El rencor es el odio con arrugas



Alex Hall
Hace unos días escribí un artículo sobre esos momentos acalorados en los que decimos hirientes barbaridades aparentemente sin pensarlas (ver).  Yo defendía que si las decimos sin pensar es porque alguna vez las hemos pensado. Una lectora de este Espacio Suma No Cero (a la que desde aquí doy las gracias y mando un abrazo) comentaba que probablemente es así, y que esas barbaridades proferidas en un momento bilioso las ha desgranado antes nuestro lado perverso. Cuando leí esta reflexión tuve claro que ahí se agazapaba un nuevo artículo. Ofrece una lectura de nosotros mismos muy interesante. Las barbaridades las incuba «misos», el odio hacia el otro, aunque sea un odio efímero, frugal, un odio momentáneo que asoma en centésimas de segundo y que luego se evapora como una voluta de humo. Si no se desvanece y se queda, si solidifica con solemnidad estatuaria a través de la repetición, si eros no logra derrocar a misos, el odio se convierte en rencor,  odio enmohecido, una peligrosa fuente de fabulación que secuestra la vida y la enclaustra en el zulo en que se convierte la persona odiada. El odio es un deseo. El deseo de que el mal aterrice en la vida de una persona. No sé dónde leí la expresión ni ahora sé bien a qué se refería, pero viene perfectamente al caso. Podemos parafrasear que el odio nos hace «vivir la vida en tercera persona». En el ensayo Por qué amamos de la antropóloga Helen Fisher se demostraba a través de resonancias magnéticas cómo el odio y el amor activaban el flujo sanguíneo en las mismas áreas del cerebro, puesto que ambos sentimientos compartían la peculiaridad de que el otro habitaba ubicuamente en nuestras fabulaciones, auque fuera para la palmaria construcción de relatos muy diferentes. Lo contrario del amor no es el odio. Es la indiferencia. Rara vez soltamos una barbaridad a alguien que para nosotros es el hombre invisible. El odio correlaciona con la importancia.

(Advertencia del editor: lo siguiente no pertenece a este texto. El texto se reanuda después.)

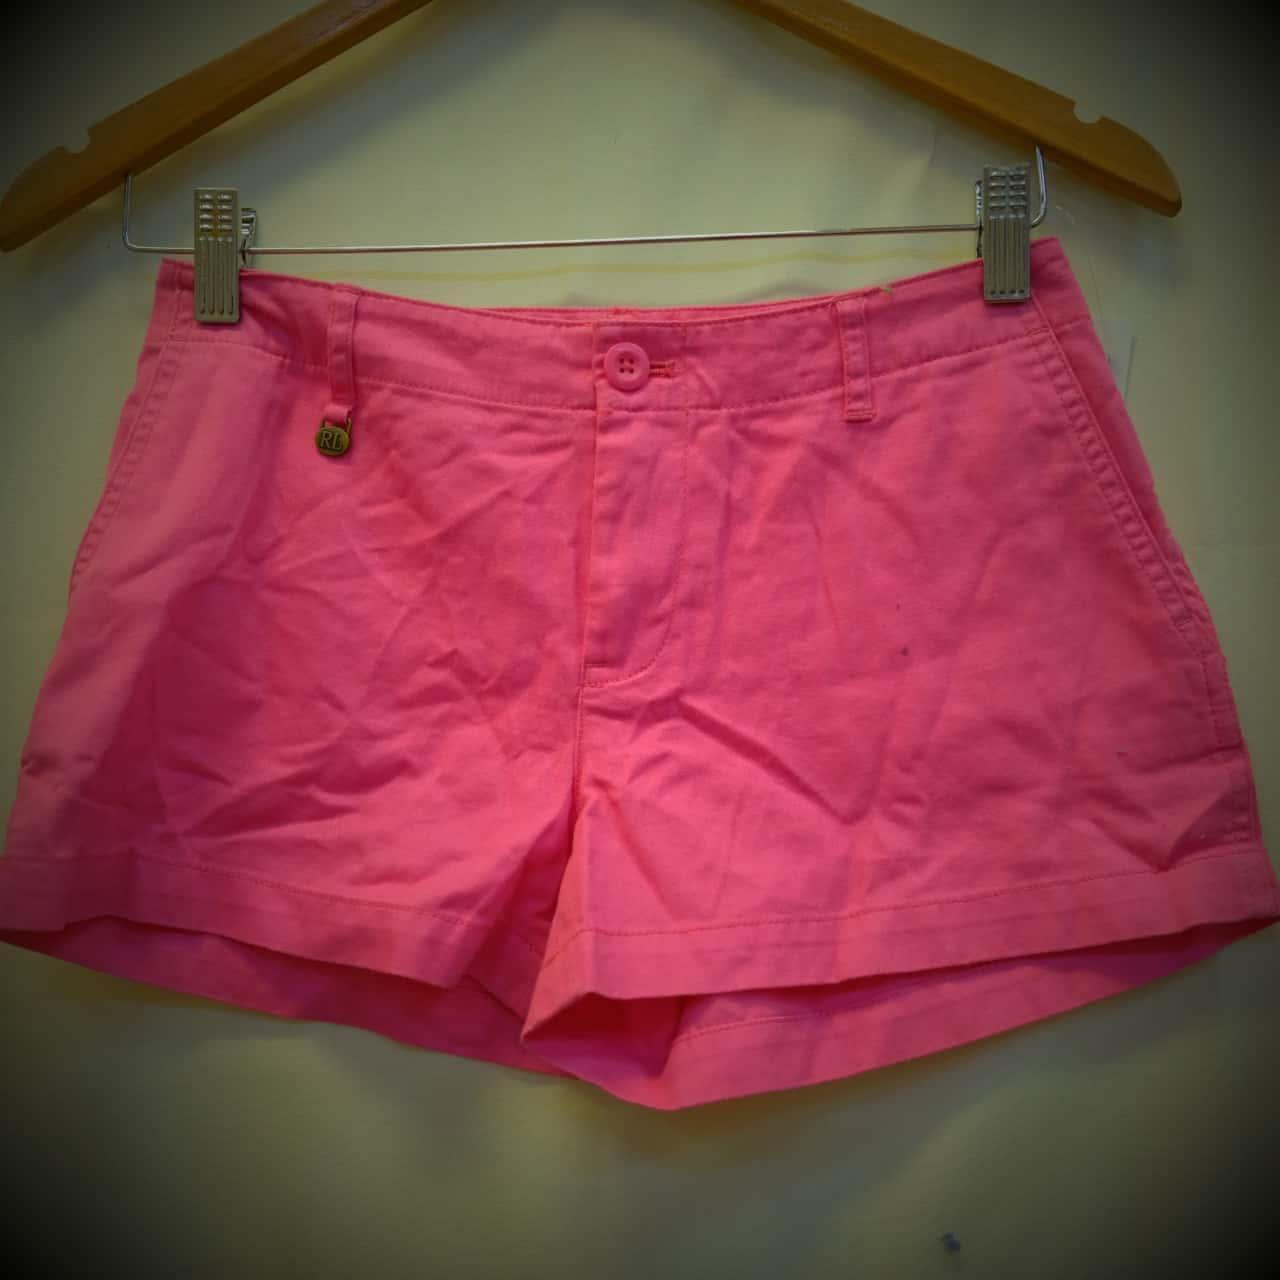 Polo Ralph Lauren Kids Size 12 Shorts Pink

Si el odio se eterniza, se convierte en rencor. El rencor es el odio entrado en años. Recuerdo que en el ensayo Las experiencias del deseo, Jesús Ferrero definía el rencor como «ese poso que va quedando en nosotros en forma de amargura y que nos incita a la violencia, generalmente verbal». Esa tendencia a la agresión verbal son las barbaridades que decimos sin pensar porque las vamos rumiando antes. Cuando yo utilizo la expresión «decir barbaridades» me refiero a convertir el desacuerdo, la diferencia, el malestar, en una crítica ofensiva inspirada en un anterior momento de odio y blandida ahora con el fin de zaherir al otro. Una crítica se puede encapsular lingüísticamente de muchas maneras, y la manera elegida casa con los propósitos que alberga. Ocurre que en episodios de alta irascibilidad empleamos la peor de las maneras posibles por la sencilla razón de que el objetivo suele ser el más lacerante posible. Si el propósito es infligir daño, rugimos palabras que nos exilian de la buena educación para contemplar el frenesí del posible dolor. La buena educación no es solo evitar chillidos o gruñidos (se puede ser muy salvaje sin perder la compostura), es no aplastar la dignidad de la persona. Civilizar la crítica, tratar al otro con la misma equivalencia y la misma consideración que reclamamos para nosotros, señalar propósitos de enmienda, aportar soluciones, es desear que todo encaje y que la relación mejore. Si el odio o el rencor nos ha colonizado y no se desea la supervivencia de la relación, también hay que ser educado cuando los viejos lazos reciben los santos óleos. No sólo por el respeto a nuestro interlocutor, también para salvaguardarnos nosotros. Hay palabras que en el largo recorrido hacen más daño al que las pronuncia que al que las recibe.